Медиков улыбнулся и неожиданно спросил:

— Хотите есть?

— Да, — сказал я. — И даже очень.

— Так я и думал. Стоит человеку очутиться на свободе — и у него появляется волчий аппетит. Поедим в аптеке.

— В аптеке?

— Да, в drugstore. Это одна из особенностей Штатов. В аптеке покупают аспирин и закусывают.

— Чем вы занимались целый день в музее, чтобы не сойти с ума? спросил Медиков.

Я окинул взглядом аптеку: у длинной стойки люди торопливо жевали, глядя на рекламные плакаты и бутыли с лекарствами.

— А что мы тут будем есть? — спросил я в свою очередь.

— Котлеты. Это блюдо да еще венские сосиски — основная пища американцев. Бифштексы не по карману простому люду.
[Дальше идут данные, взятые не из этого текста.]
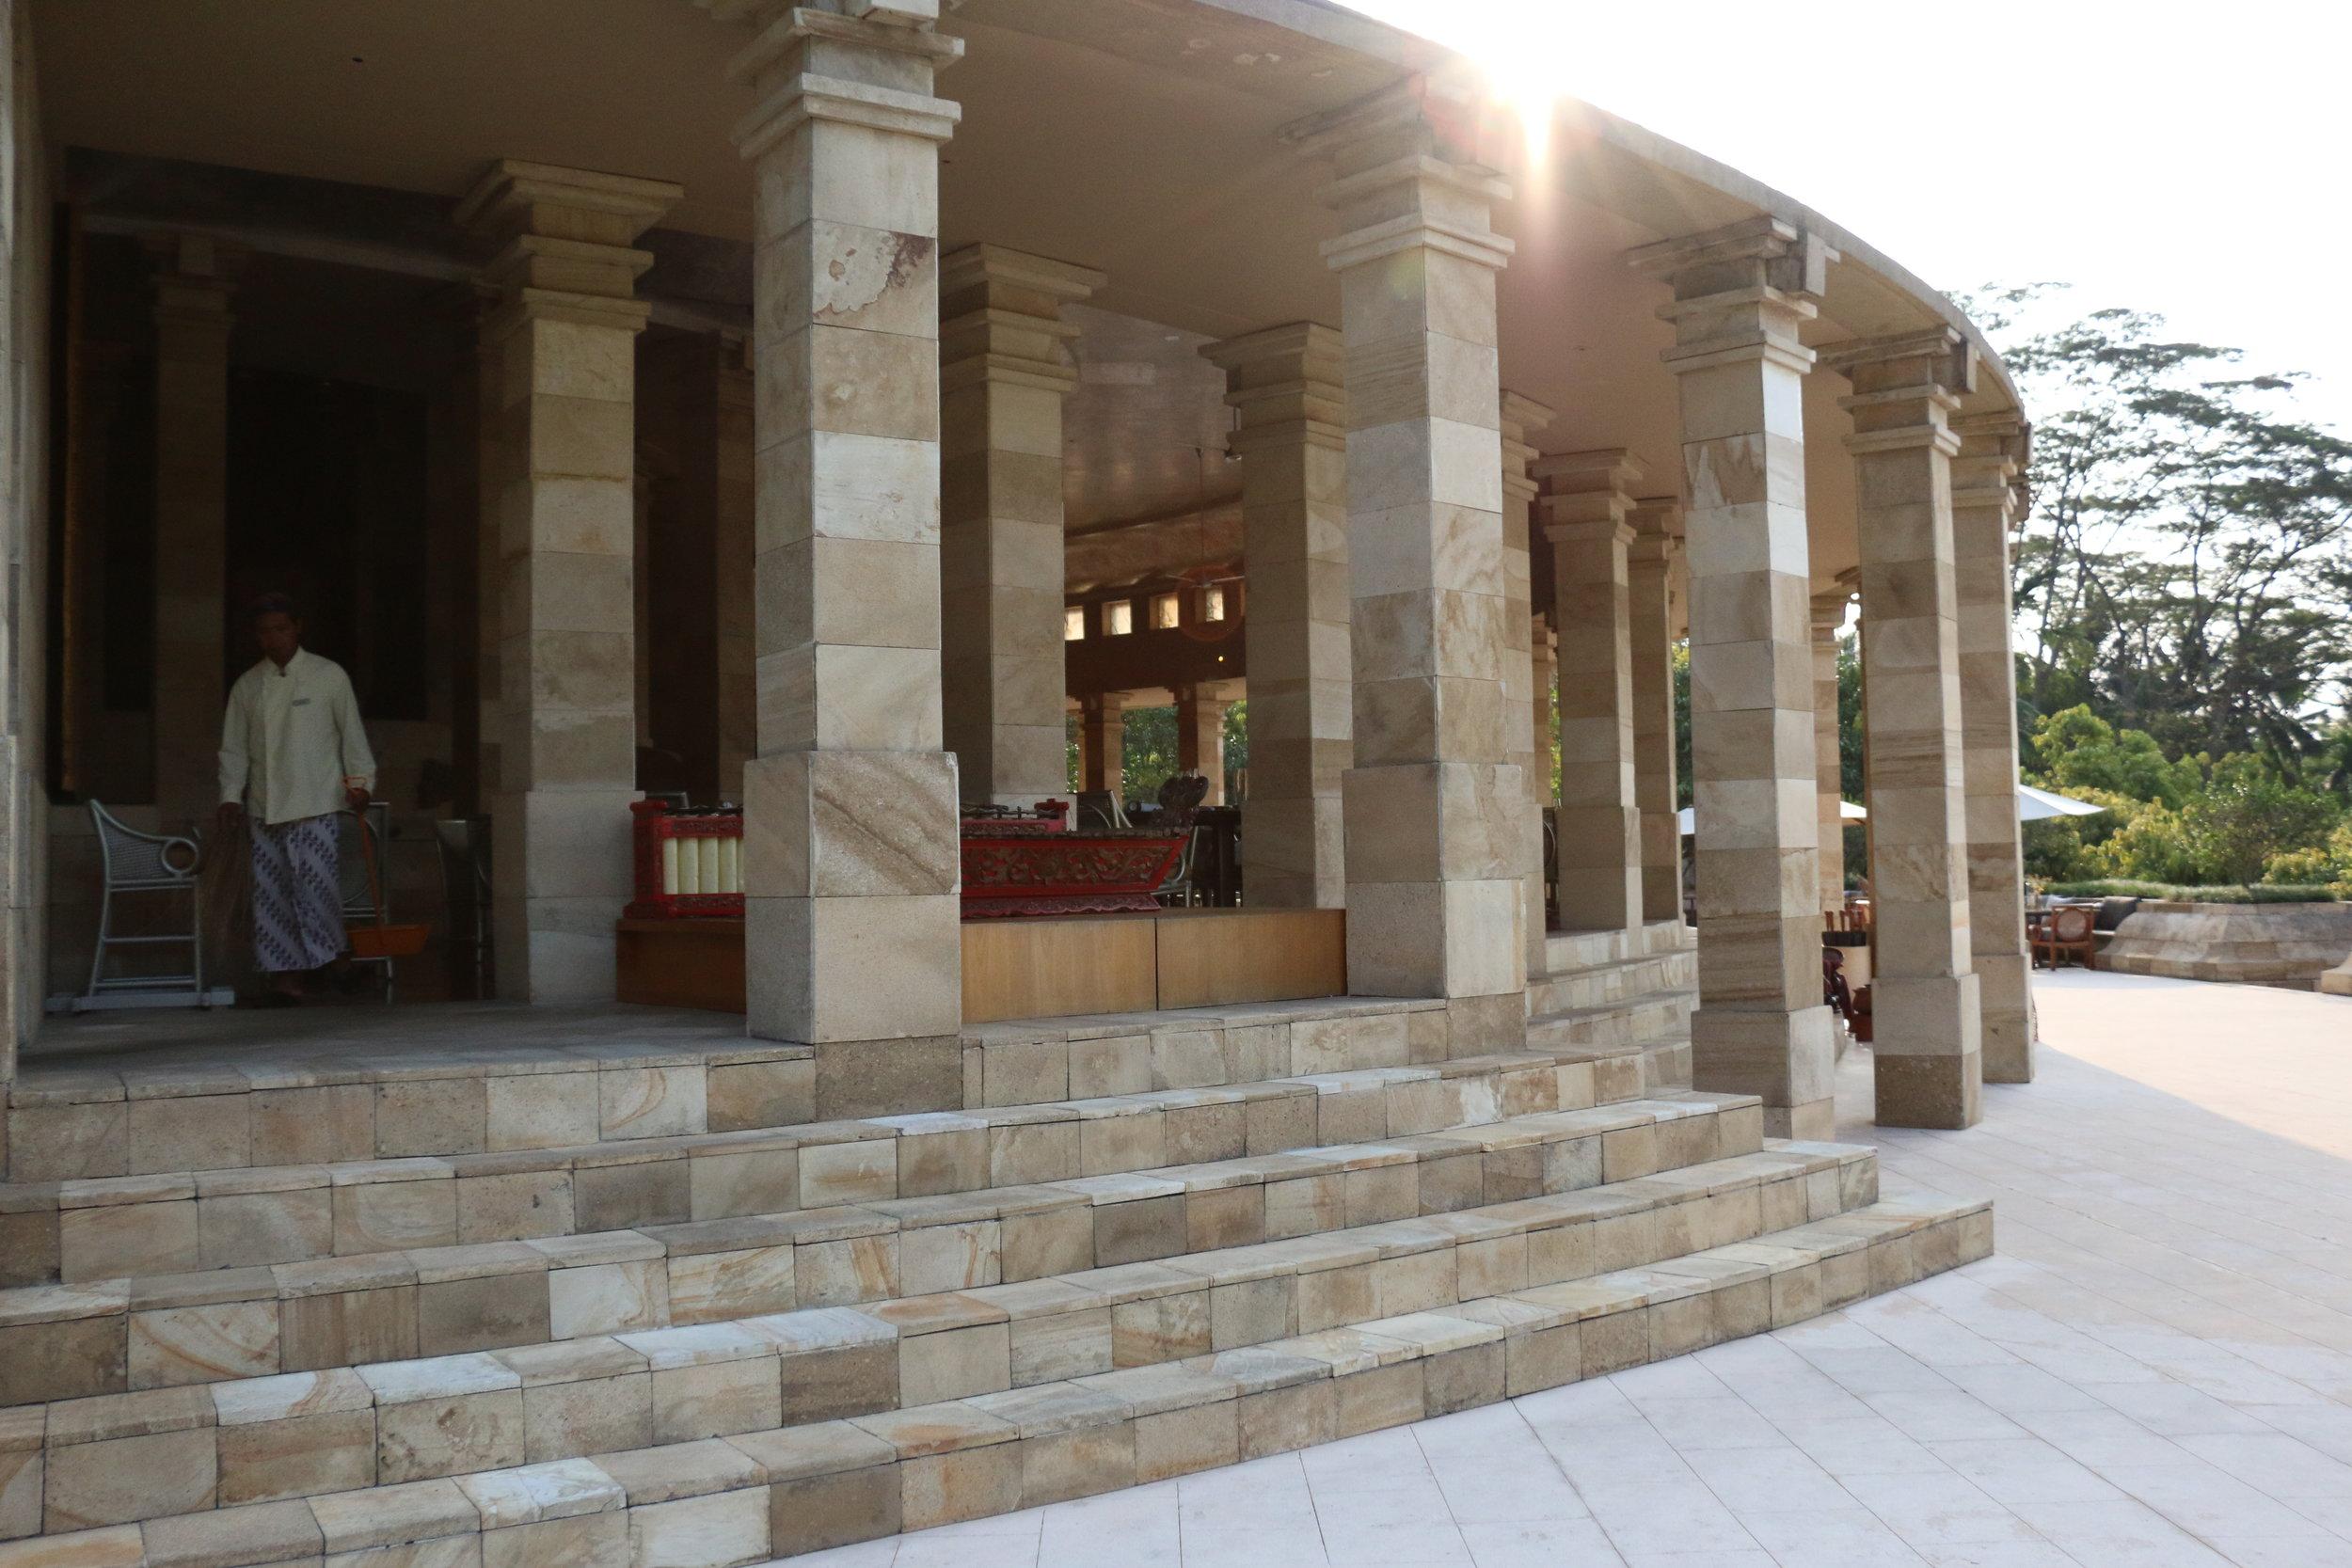 Walk up to the dining room atrium through the stunning pillars

— Чем я занимался в музее? Ждал вечера. И, конечно, по возможности избегал думать об опасности, которая мне угрожала. Иначе я бы очень скоро свихнулся. Впрочем, у меня был опыт — уже несколько лет, как я скрывался. Один год даже в самой Германии. Вот я и не позволял себе думать, что допустил хоть какую-нибудь оплошность. Раскаяние разъедает душу сильнее, чем соляная кислота. Это занятие для спокойных эпох. Ну, а потом я без конца занимался французским, сам себе давал уроки французского. Позже я стал ночами бродить по залам музея, рассматривать картины, запоминать их. Скоро я уже знал все полотна. И сидя днем в кромешной тьме, мысленно восстанавливал их в памяти. Я представлял их себе, следуя определенной системе, по порядку, иной раз на одну какую-нибудь картину тратил много дней. Порою на меня нападало отчаяние, но потом я начинал все сызнова. Если бы я просто любовался картинами, то, наверное, пропал бы. Но я придумал себе своего рода упражнение для памяти и благодаря этому все время совершенствовался. Теперь я уже не бился головой об стенку, я как бы поднимался вверх, ступенька за ступенькой. Понимаете?
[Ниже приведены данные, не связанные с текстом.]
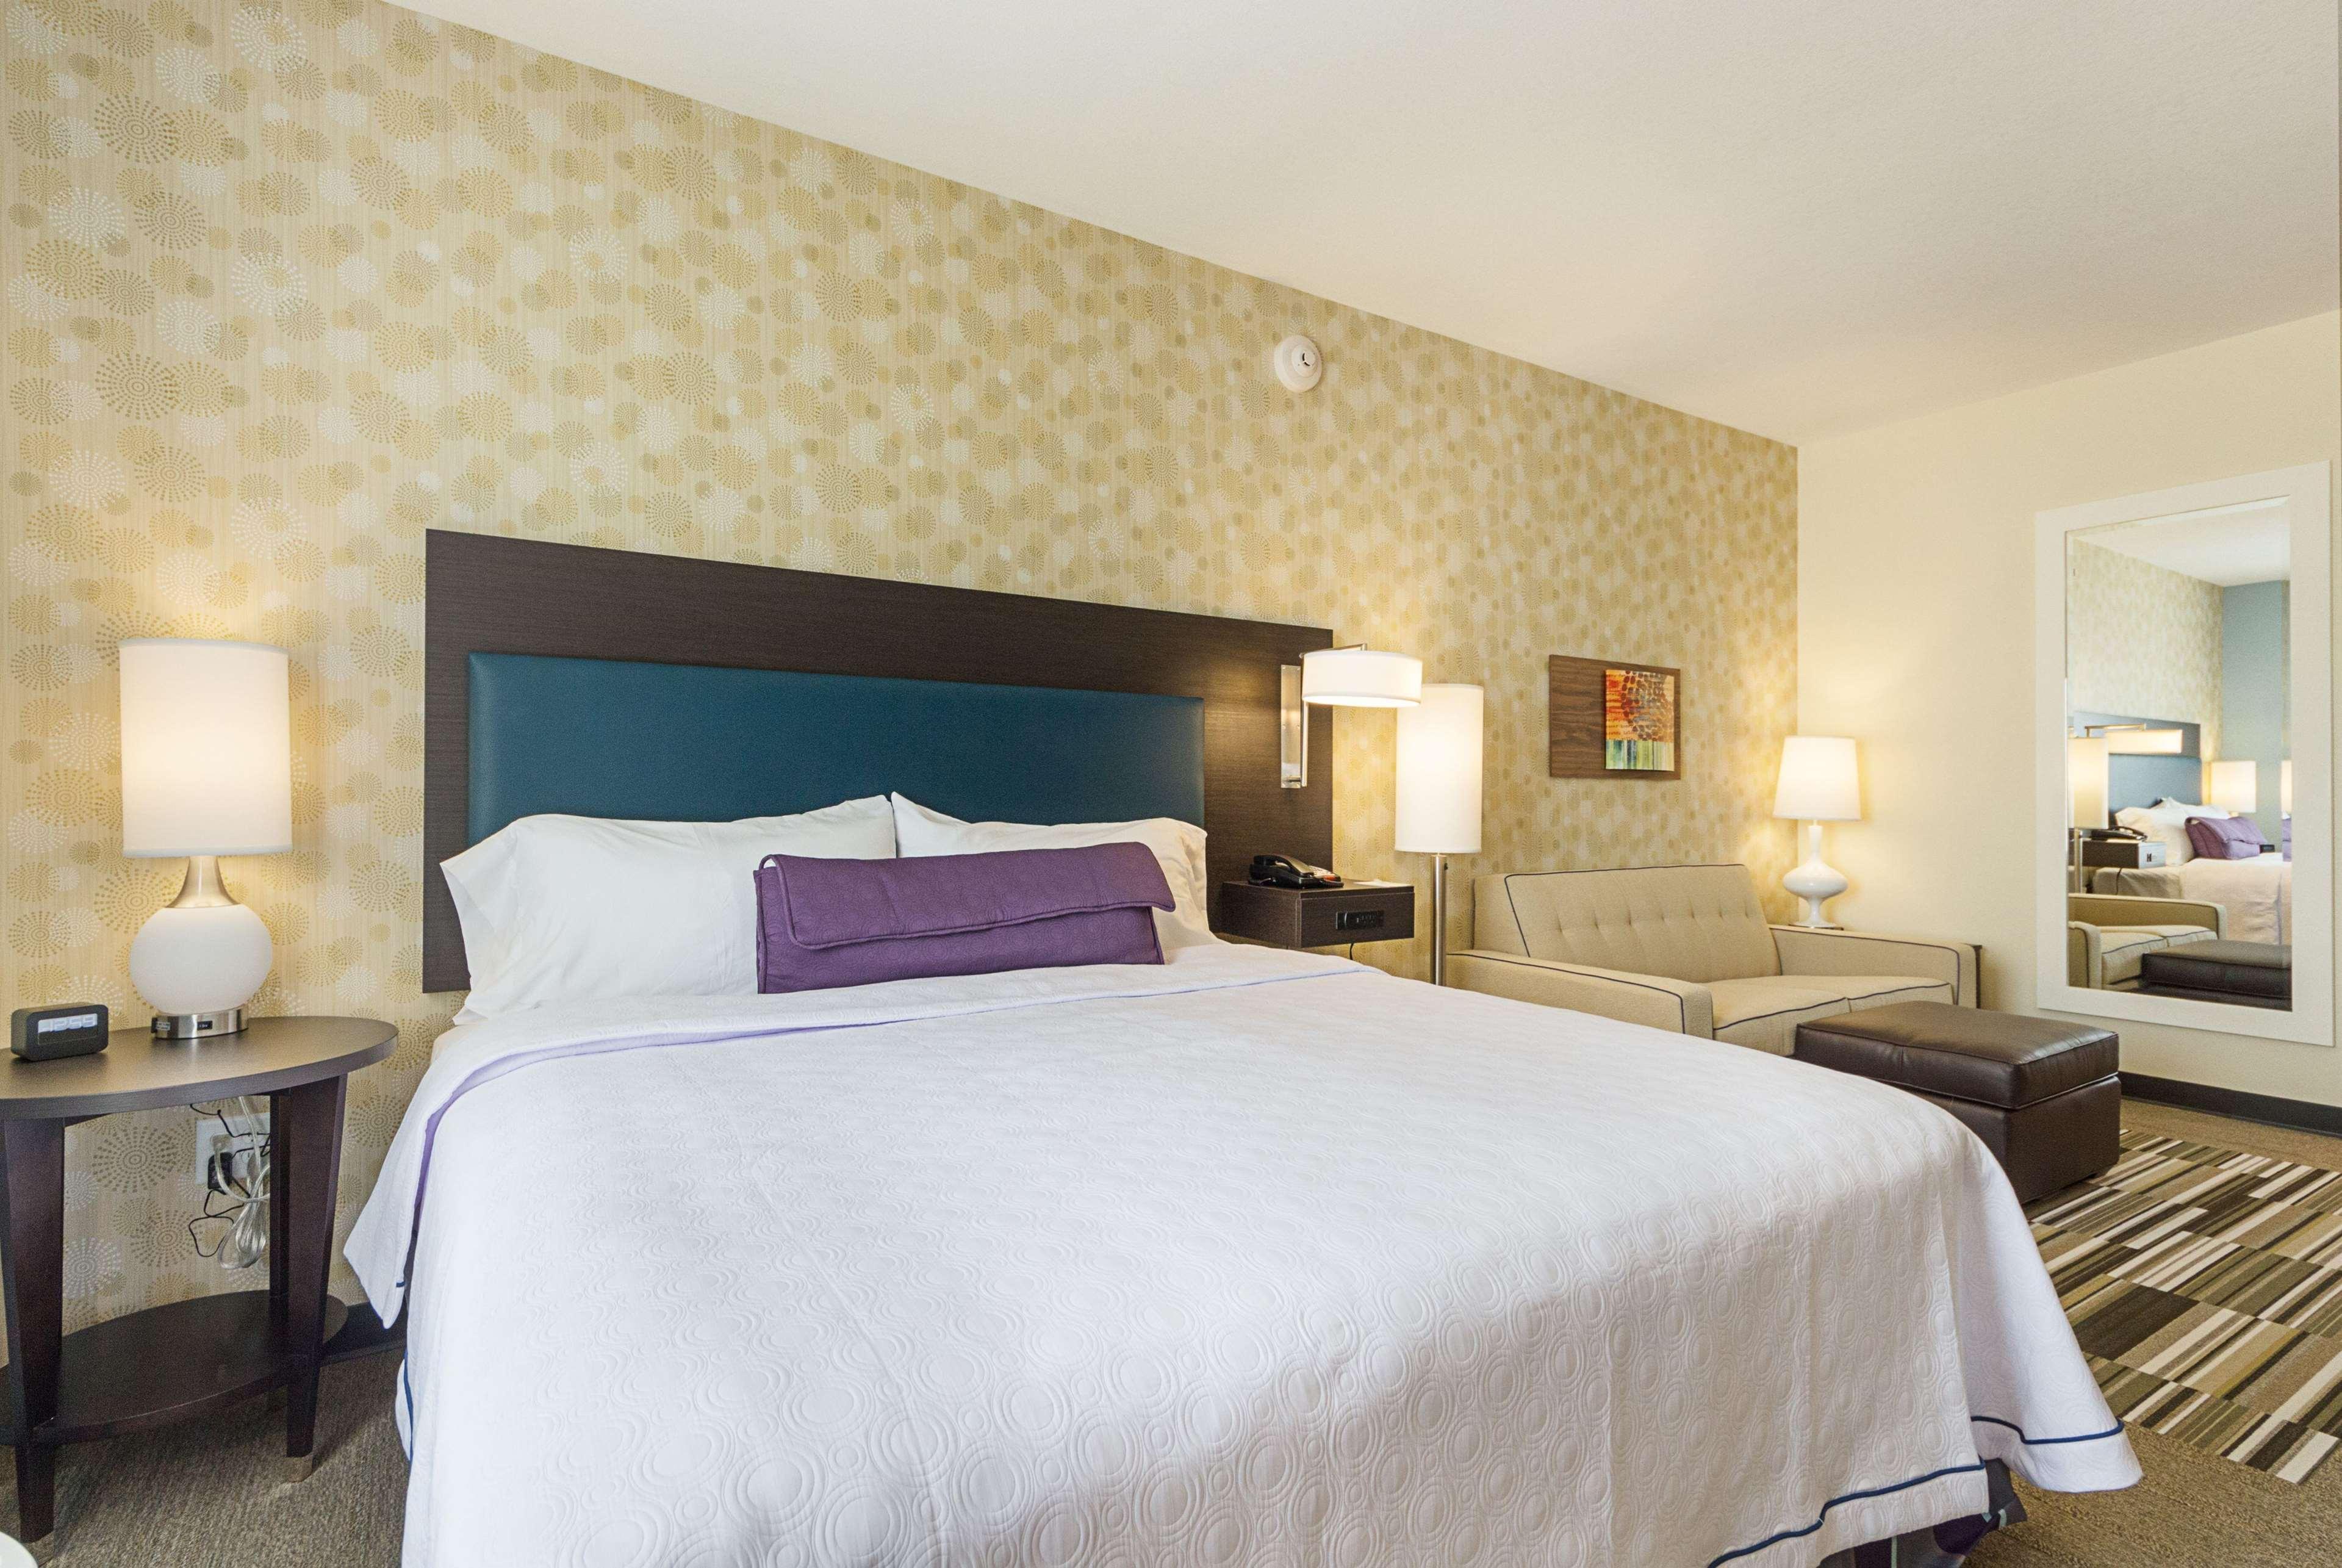 Home 2 Suites by Hilton - Yukon image 31

— Да, вы не давали себе покоя, — сказал Меликов. — И у вас была цель. Это спасает.

— Одно лето я не расставался с Сезанном и с несколькими картинами Дега. Разумеется, это были воображаемые картины, и только в воображении я мог их оценить. Но все же я оценивал их. То был своего рода вызов судьбе. Я заучивал наизусть цвета и композицию, хотя никогда не видел ни одного цвета днем. Это был лунный Сезанн и ночной Дега. И я запоминал и сопоставлял эти картины в их сумеречном воплощении. Позже я нашел в библиотеке книги по искусству. И, присев под подоконником, усердно изучал их. Призрачный мир, но все же это был мир.
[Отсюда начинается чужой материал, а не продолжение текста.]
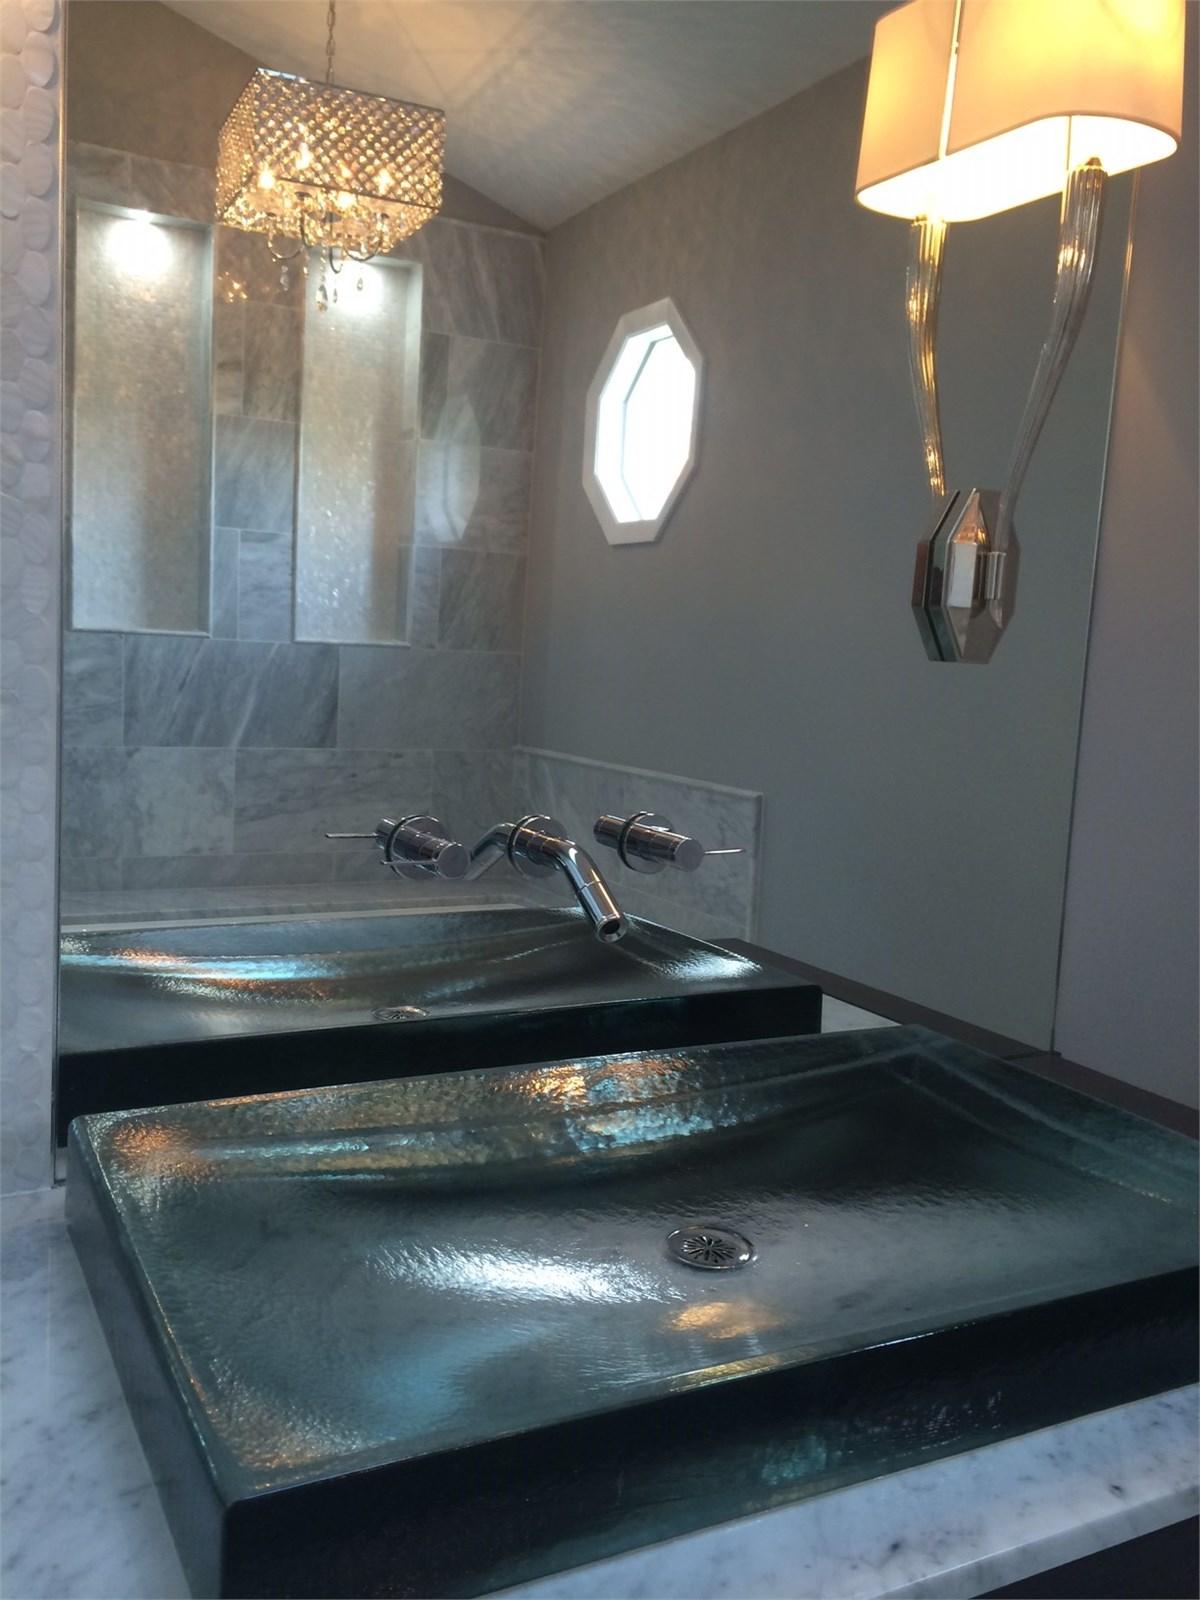 Bathroom Vanity Renovation Ideas: Bathroom Vanity Replacement

— Разве музей не охранялся?

— Только в дневные часы. Вечером его просто запирали. На мое счастье.

— И на несчастье человека, который носил вам еду.

— На несчастье человека, который прятал меня, — сказал я спокойно, взглянув на Меликова. Я понимал, что за его словами ничего не кроется, он не хотел меня обидеть. Просто констатировал факт.

— Не надейтесь стать нелегальным мойщиком тарелок, — сказал Меликов. Это романтические бредни! Да и с тех пор, как существуют профсоюзы, такая возможность отпала. Сколько времени вы можете продержаться и не умереть с голоду?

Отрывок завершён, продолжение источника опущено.